Gödel was a platonist. He was opposed to formalism because he didn't think reasoning could be reduced to symbol manipulation (and, of course, proved Hilbert's program for doing so wasn't adequate), but he was hardly any kind of post-modernist.

The science wars and the like were irrelevant to mathematics because it doesn't say anything about the world; if you object to the axiomic method, that's cool, you're just not doing mathematics. It just doesn't matter for the purposes of doing math whether you think it's a game that happens to yield results useful to scientists and engineers sometimes, whether it's just a particular genre of literature or whether you think we're studying things that are somehow fundamental. We had a similar conflict much earlier, over non-euclidean geometries, but that was mostly settled by the time modernism was a thing.

You could make the case for George Lakoff, but I don't think anyone cares what Lakoff thinks about math.





JakobVirgil  ·  4199 days ago  ·  link  ·  

I think Modernism is Aristotelian.

I understand exactly where you are coming from and I don't think Gödel thought of himself as a post modern (I think he was a royalist politically)

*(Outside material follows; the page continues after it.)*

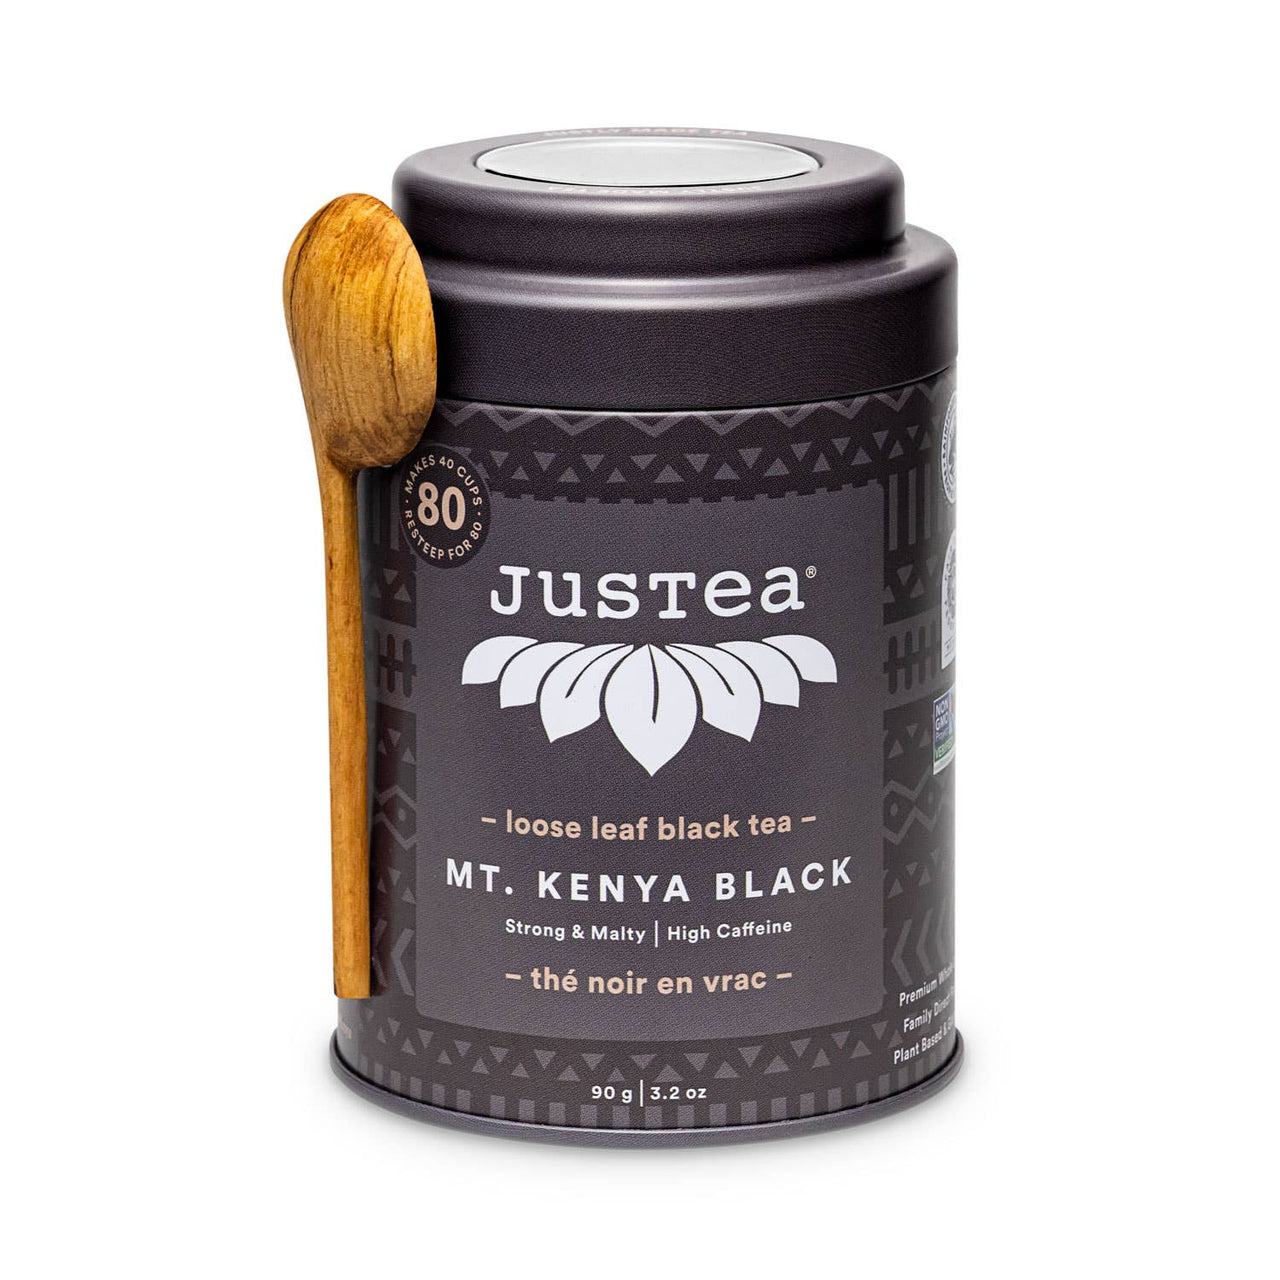 Mt Kenya Black Tin & Spoon - Organic, Fair-Trade Black Tea  JusTea

The effect of his proof was by my definition the definition of post-modernism. The history of mathematics has a pre-Gödel Hilbert or modern period and a Post-Gödel or postmodern period perfect. :)

[edit]

I don't think that Gödel should be included in the nothing means anything crowd. and I do agree that mathematics is or should be immune to the stupidities of the worst manifestations of post-modernism is other fields.